Sphere £6.99 paperback

Released: 11th November 2010

Reviewer: Sara Townsend

  Sara-Jayne Townsend is a published crime and horror writer and likes books in which someone dies horribly.  She is founder and Chair Person of the T Party Writers’ Group.  
On the streets of Dublin, someone is preying on young girls. The girls are found, tortured and mutilated, their bodies branded by a metal cross. The only things the girls have in common is that they are all young, dressed for a night out and wearing crucifixes, which have been removed by their attacker, who becomes known as “The Priest”.

What’s different about this crime thriller is that this predator is leaving his victims alive. The one victim who dies has a congenital heart defect. The antagonist is not a killer, it seems. It’s someone who’s trying to make a point. He’s targeting people he feels are making a mockery of the crucifix they wear. And there is a great deal of religious undertone in this book, not just revolving around the antagonist. There’s an underlying sense of Catholic guilt in all the characters – whether they are believers or not. I found this quite claustrophobic.
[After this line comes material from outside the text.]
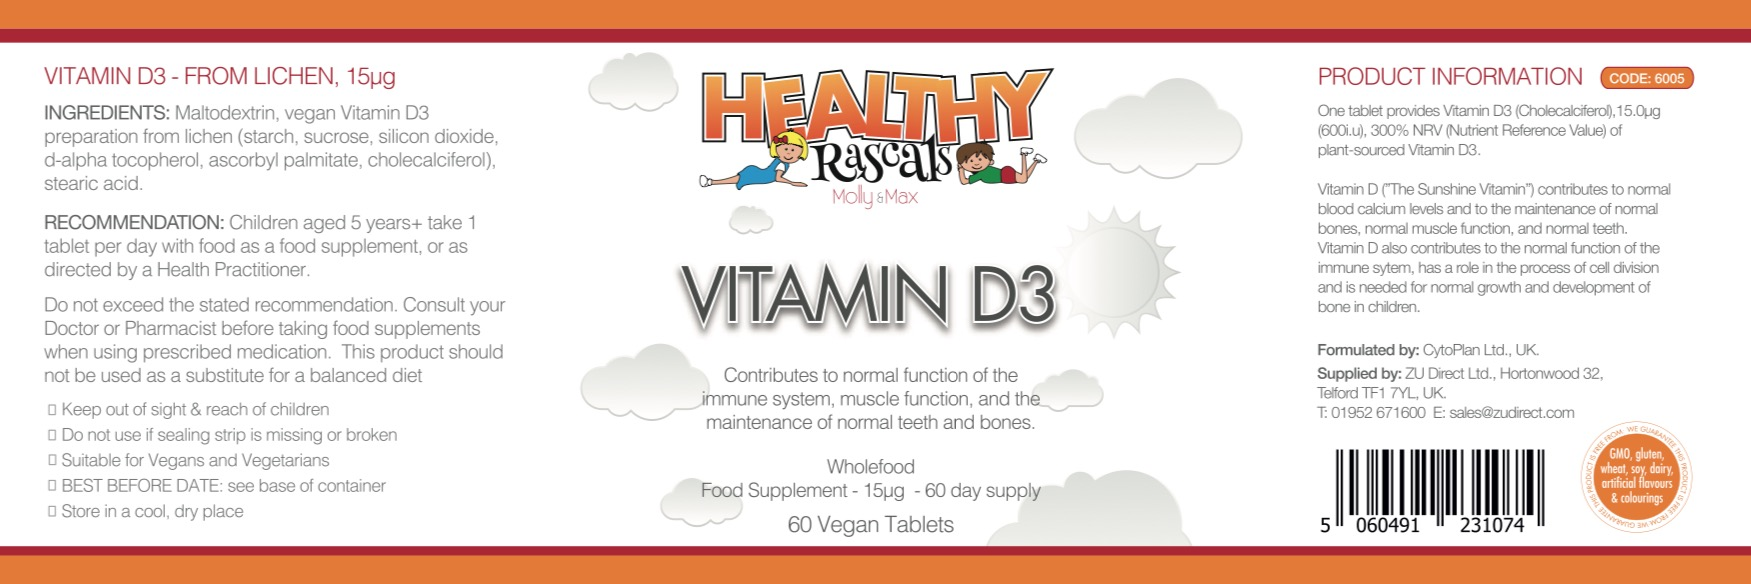 Heathy Rascals - Vitamin D3 - Label
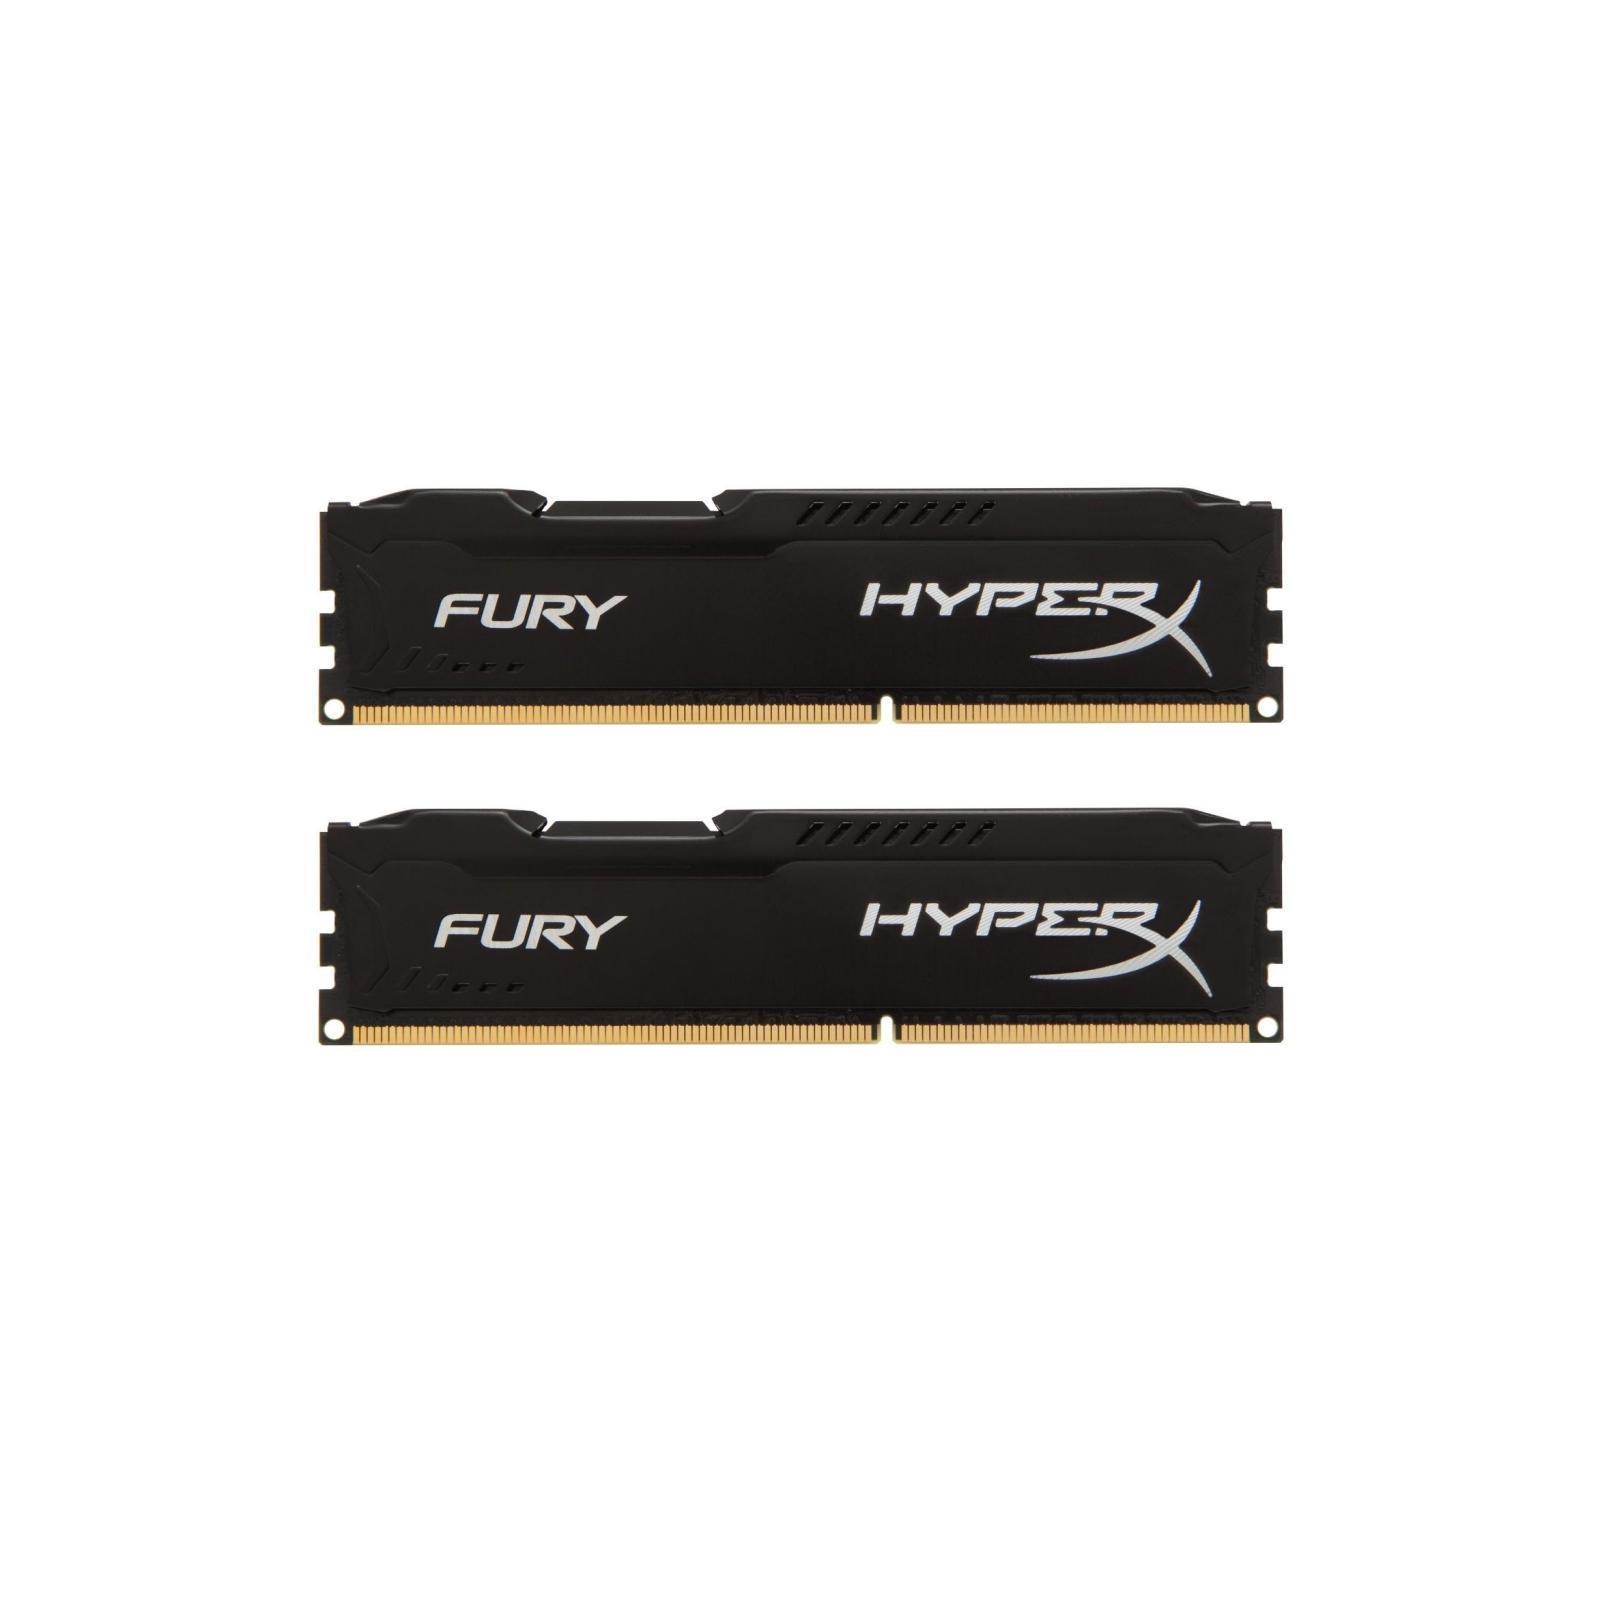 Модуль памяти для компьютера DDR4 32GB (2x16GB) 2933 MHz HyperX FURY Black HyperX (Kingston Fury) (HX429C17FBK2/32)

There were things I liked about this book. I liked the fact that I was kept guessing about the identity of the antagonist. There are several false leads, and although I knew they were false leads, I didn’t work out who the villain was until about the same time the police did.

Sadly, though, in my view, this novel fails to deliver what it promises. This is just one more crime thriller in a saturated market, doing nothing different from any other. The characters are stereotypes. There is the flawed, embittered, loner cop; the bitchy female superior; the sexy lady journalist (who the flawed loner cop unwisely sleeps with). Most of the police officers are cardboard cut-outs, pretty much interchangeable.

Nobody’s doing anything new and original and although I am quite happy to have unlikeable characters in a crime novel – after all, flawed characters are far more interesting to read about – they still have to have sufficiently redeeming features to be able to command the reader’s empathy. None of the characters in this novel drew me in sufficiently to be able to care about them.

It could be I’ve read too much in this genre recently to get excited about yet another cops-hunting-down-sick-predator novel. But I found this book a disappointment, and it failed to engage me.